BEGIN Raw data

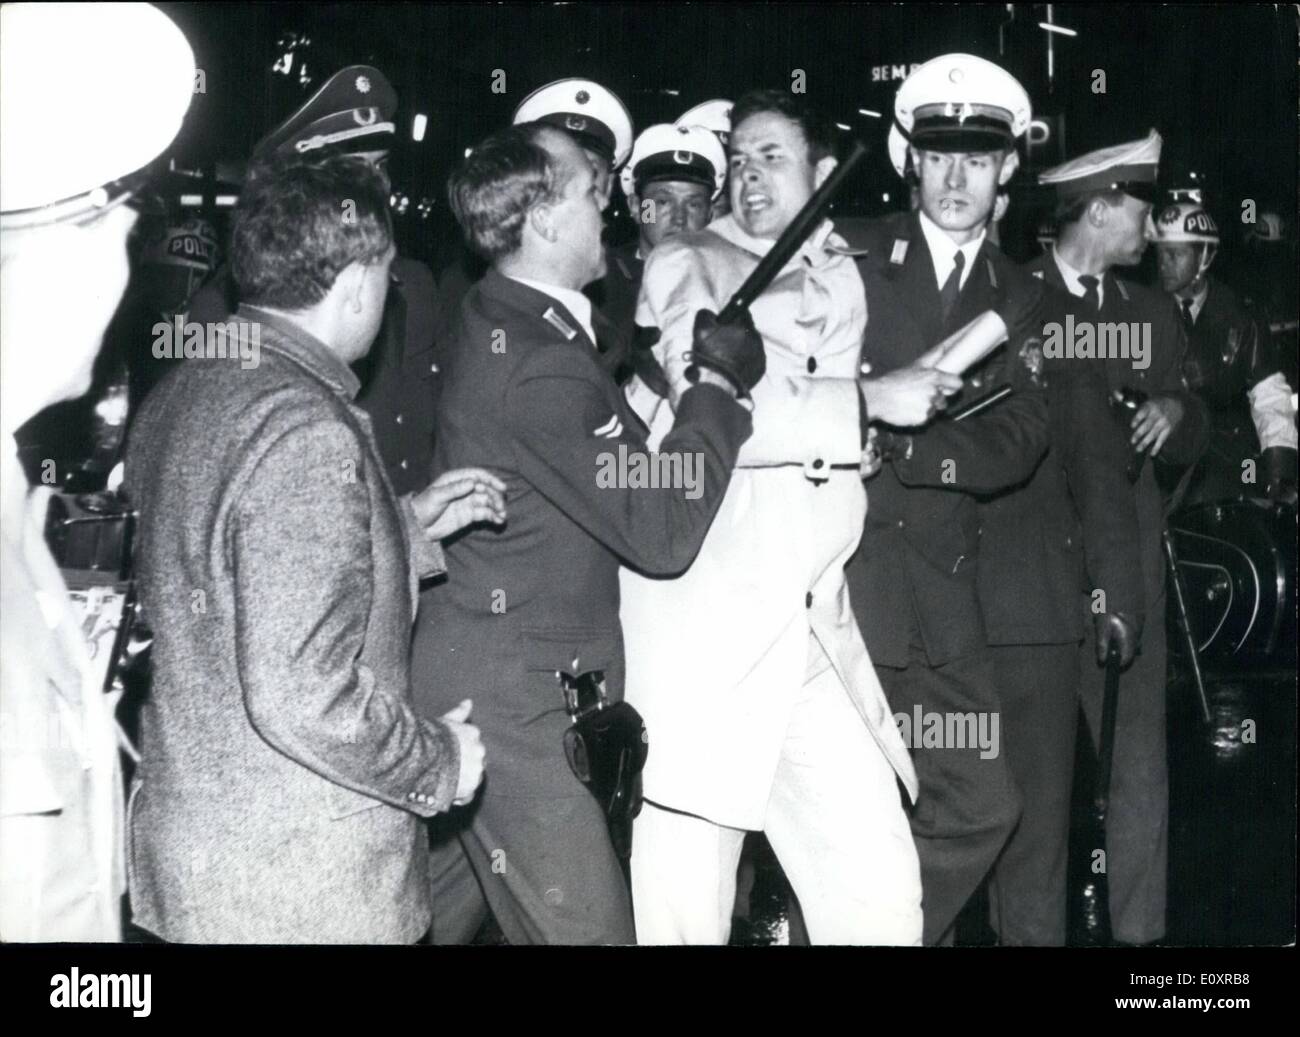 Ottobre 10, 1967 - Berlino Ovest: Wild manifestazioni studentesche contro American Vietnam politica - 4000 manifestanti, alcuni feriti, 20 Foto Stock
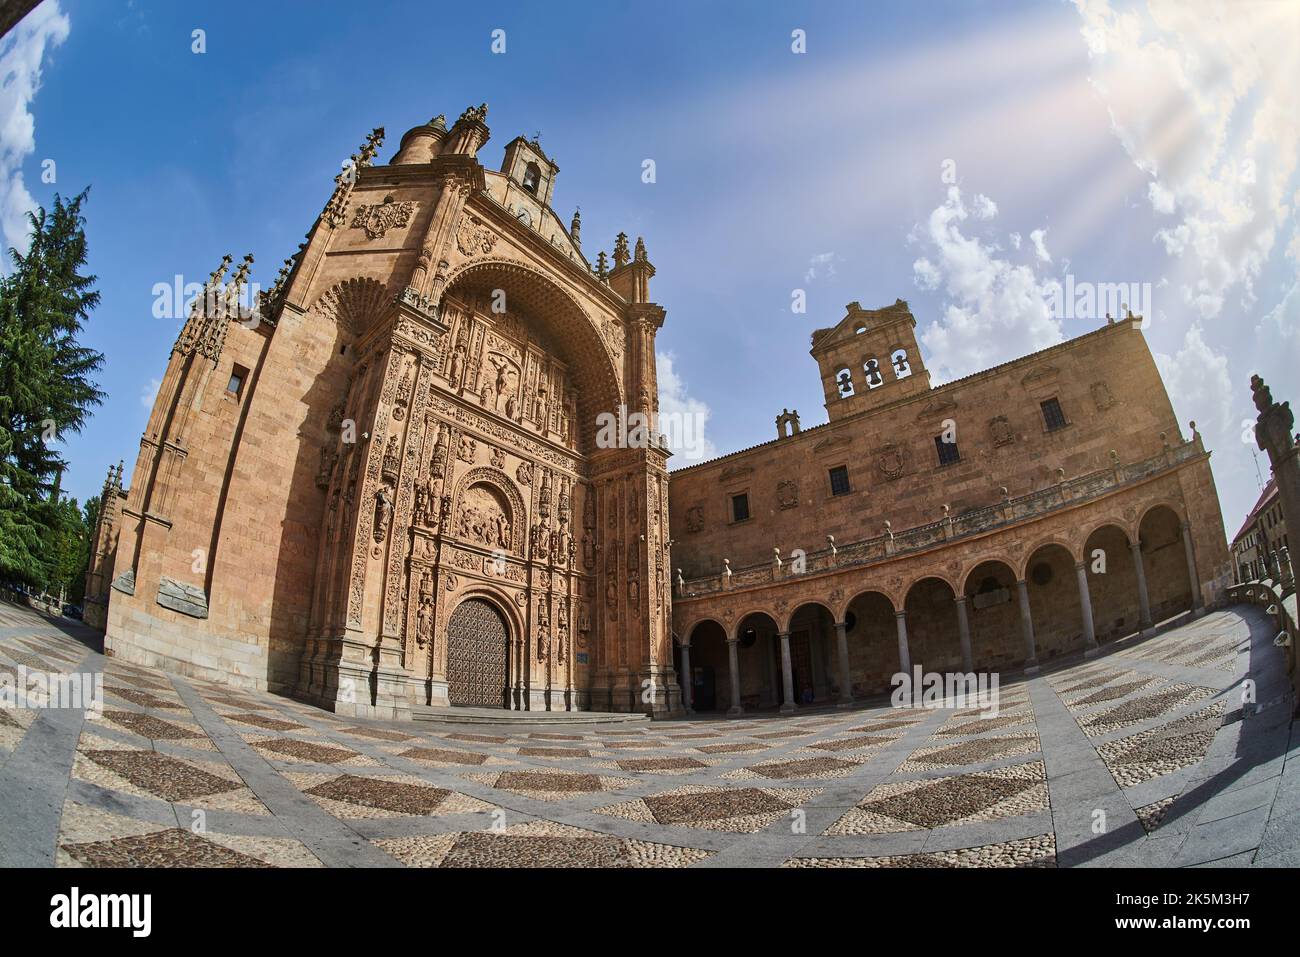 Convento de San Esteban a Salamanca, Spagna. Un monastero domenicano, il Convento de San Esteban (Saint Stephen) è stata costruita nel 1524 su iniziativa di Foto Stock
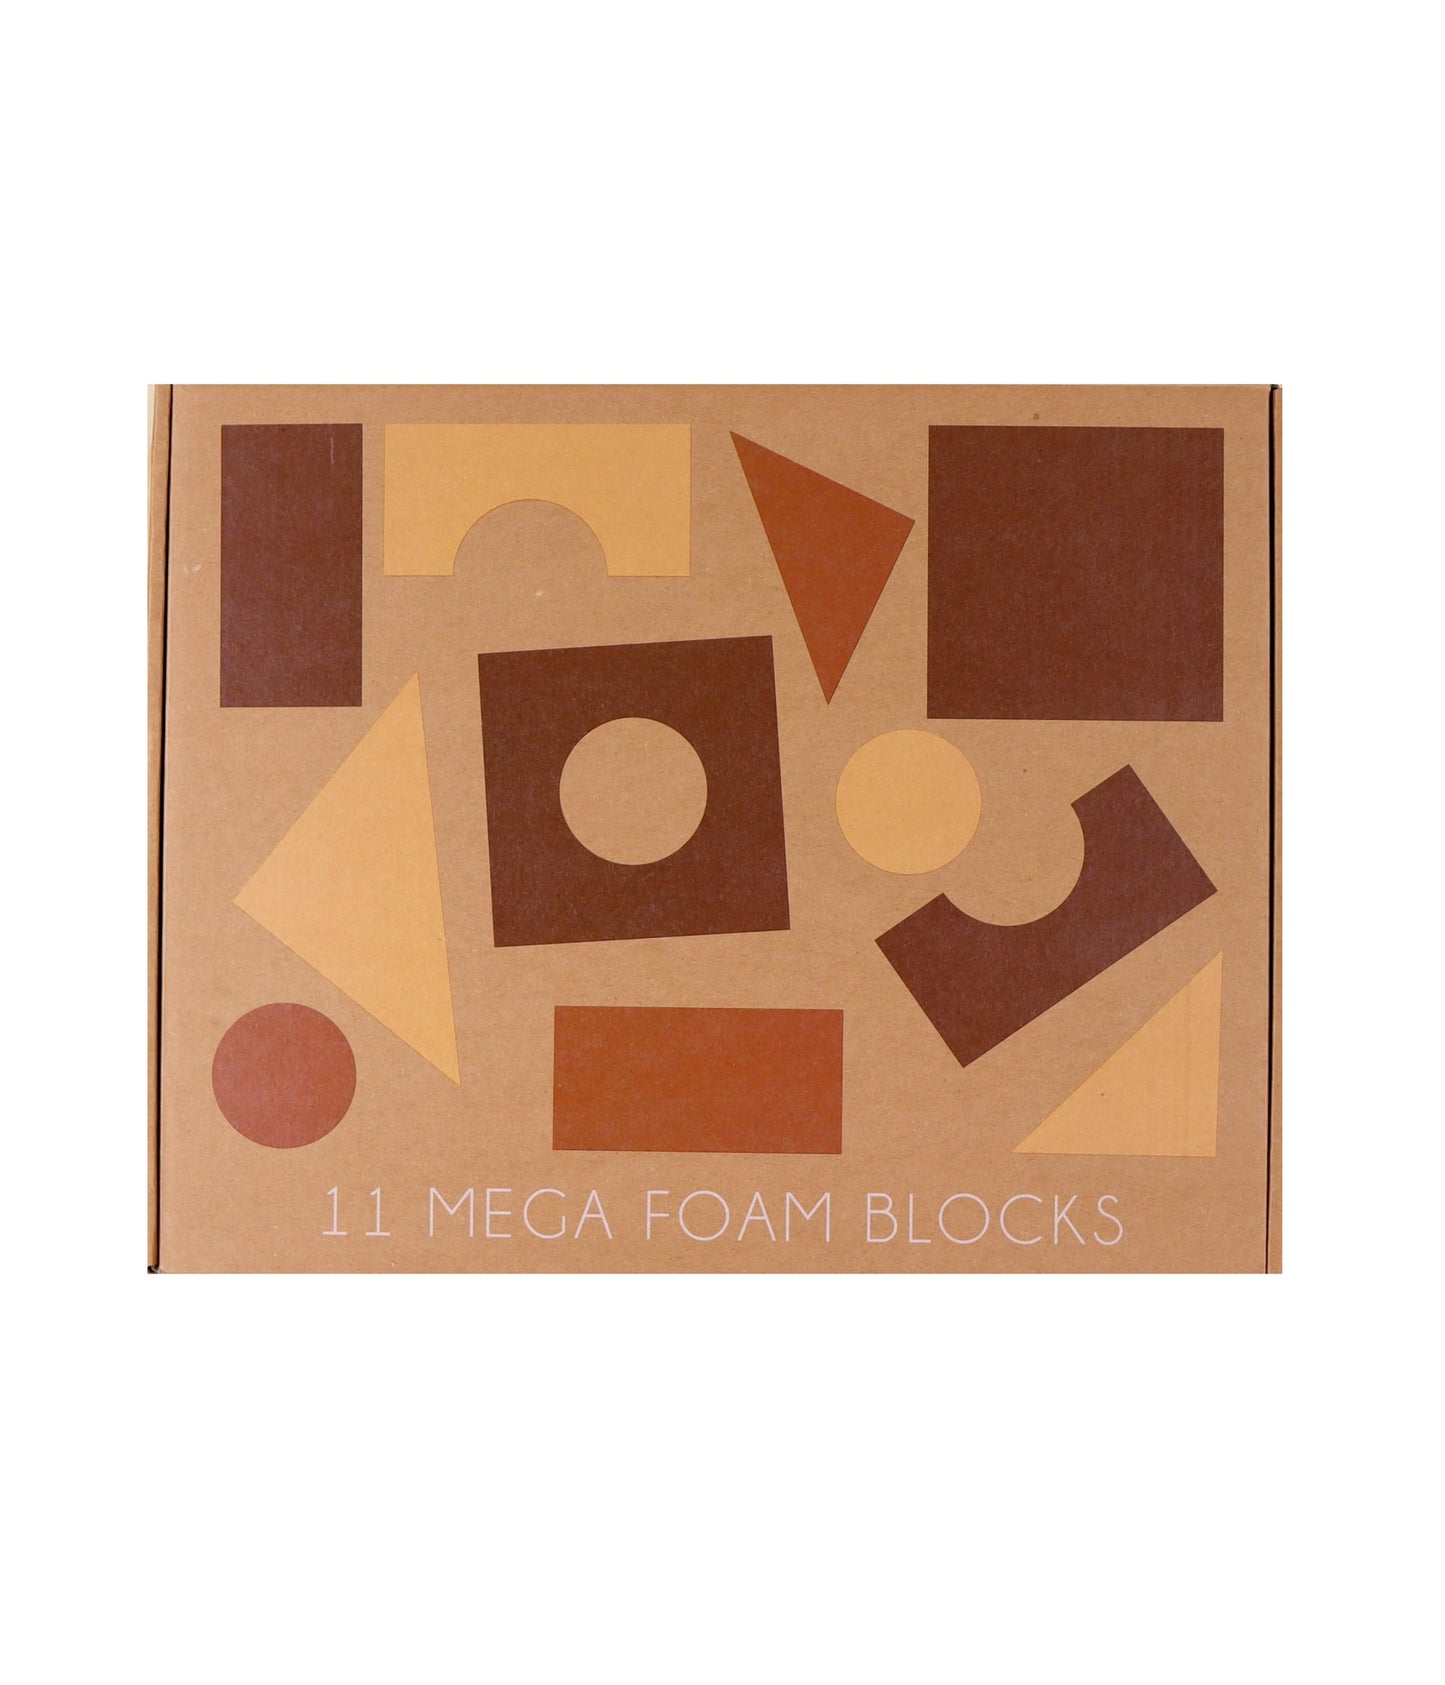 Building blocks EVA foam - MEGA

END Raw data

The material is to be written out word for word, and the pictures are to be left out.

Reply |
 Ottobre 10, 1967 - Berlino Ovest: Wild manifestazioni studentesche contro American Vietnam politica - 4000 manifestanti, alcuni feriti, 20 Foto Stock
 Convento de San Esteban a Salamanca, Spagna. Un monastero domenicano, il Convento de San Esteban (Saint Stephen) è stata costruita nel 1524 su iniziativa di Foto Stock
 Building blocks EVA foam - MEGA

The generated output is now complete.